Agustina Woodgate
WASH
Wash is a site-specific score and music video composed for a car wash. It will be the first in a new video series that explores the contemporary connections between moving images and transportation, focused at first on car culture and the the contradictions of the automobile in contemporary life. Wash inverts the typical music video creation and distribution process, composing a score to accompany the car wash that will be playable for anyone traveling through the machine. The score will incorporate music and sound that references the ecological, mechanistic and design aspects of car washes, while also incorporating local musical culture and sound from the communities around the car wash venue. The project has three components--an online score publically available as an accompaniment for car wash patrons, an opening concert, and a music video documenting the score available for global viewing. The project is led by visual artist Agustina Woodgate, in collaboration with Miami-based composer and conductor Teddy Abrams, public curator and writer Stephanie Sherman, and Miami-based musicians.

April Dobbins
Alabamaland
Deep in the backwoods of rural Alabama, Herbert Jones, a 94-year-old black man, clings to his 688-acre farm--a farm that was passed along to his slave ancestors from the family’s former slave master. Despite the farm’s unique history and place in the Jones family, urbanization and the lure of the city threatens this way of life. Alabamaland is a documentary that chronicles the day-to-day life on Herbert’s farm, explores the history of small-scale black farmers in the South, and examines the overall state of American farming.
Are there creative ways for this farm to survive? Are Southern communities interested in preserving this way of life, or do the economic struggles of Southern states like Alabama overshadow the preservation of local farm life? What does the future hold for small-scale farmers who have survived so much to keep their land and preserve their way of life?

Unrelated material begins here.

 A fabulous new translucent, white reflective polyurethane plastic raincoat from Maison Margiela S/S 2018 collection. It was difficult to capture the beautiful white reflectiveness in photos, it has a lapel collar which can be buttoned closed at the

Alabamaland poses these questions and more as it investigates the state of farming in the South.

David Rohn
FELIZX
FELIZX performance-styled video on the life and work of deceased artist Felix Gonzalez Torres, during the last phase of his life, spent on Miami Beach in the early '90's using advice and archival material made available by his roommate of his last years, and best friend since 8th grade at San Jorge School in Puerto Rico, Claudio Gonzalez.

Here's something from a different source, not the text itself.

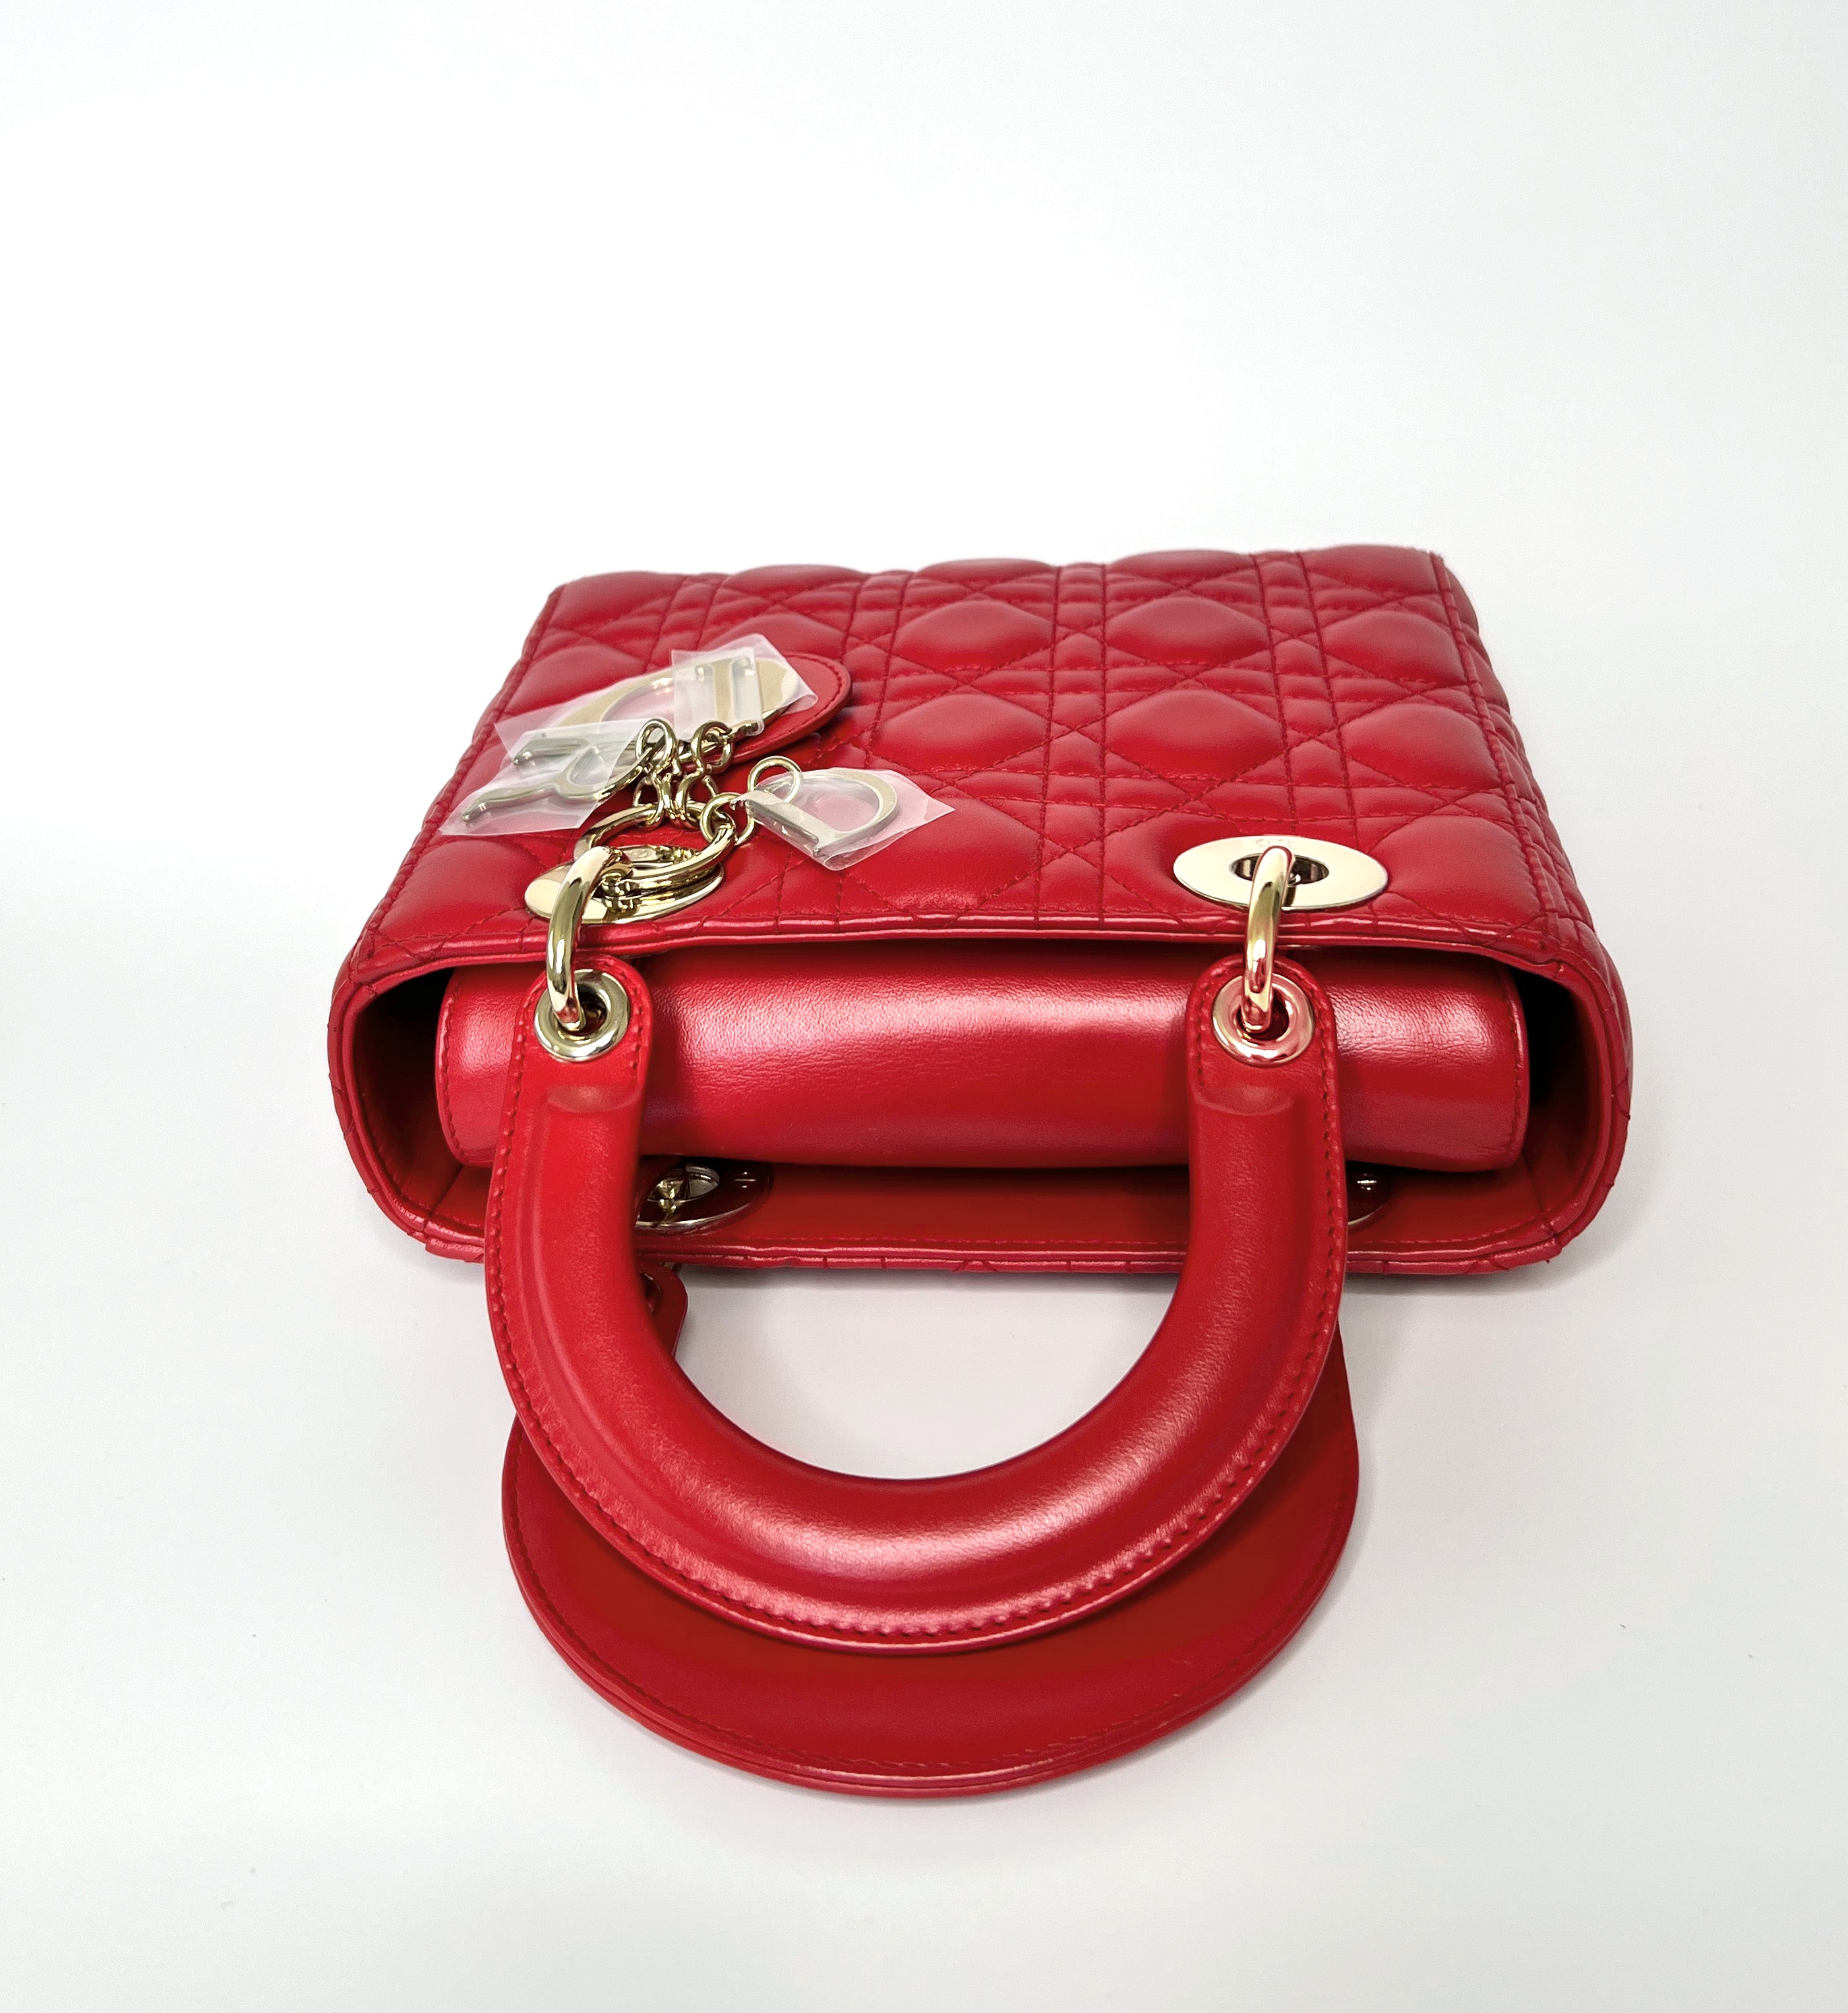 Lady Dior My ABC Small in Red With GHW

Our focus is the relationship between Felix's highly personal art and his last 6 years spent here in Miami Beach during the peak of the AIDS Epidemic, which claimed his life in 1996, not long before life-saving anti-viral drugs, became available.
The emergent scene on Miami Beach in the late 80's and early '90's, where so many young men gathered to live out there last years, is as inseparable from the death sentence an AIDS diagnosis meant then, as it is from the work Felix created then, before the the anti-viral drugs appeared.
Our mode of constructing the Piece include choreographed performative vignettes and original music based on the club music of the time and elements that refer directly to his work and South Beach at the time: strung lights, candy, billboards, beaded portieres, Drag Queens and Go-Go Dancers.

Michelle Weinberg
Moving Parts
Moving Parts will assemble 4-5 collaborators from varied disciplines to conceive and produce an original work of theater for a compact, portable stage (approx 4’ x 4’ x 4’). Through a series of meetings and workshops, the company will share ideas and develop set architecture/scene changes, a libretto/text, figurines/props, video/film projections, sound/music/voice and performance. The resulting work will be presented free of charge to the public at venues including public libraries, museums, and non-profits, especially targeting underserved community venues. Meetings will take place at Available Space in Little River, my new studio/exhibition space opening Feb 1. As Artistic Director of Moving Parts, I envision a new production annually, involving different collaborators from all possible disciplines. Moving Parts will present a unique theater of objects, architecture, sound and image using modest economic means. We will develop our own techniques and intimate mechanics, our own stagecraft, to experiment with figuration and abstraction, pictures and language, space and time, narrative and transformation. In a condensed, concentrated way, Moving Parts will expand the art and performance scene here, and be a new platform for artists to express themselves.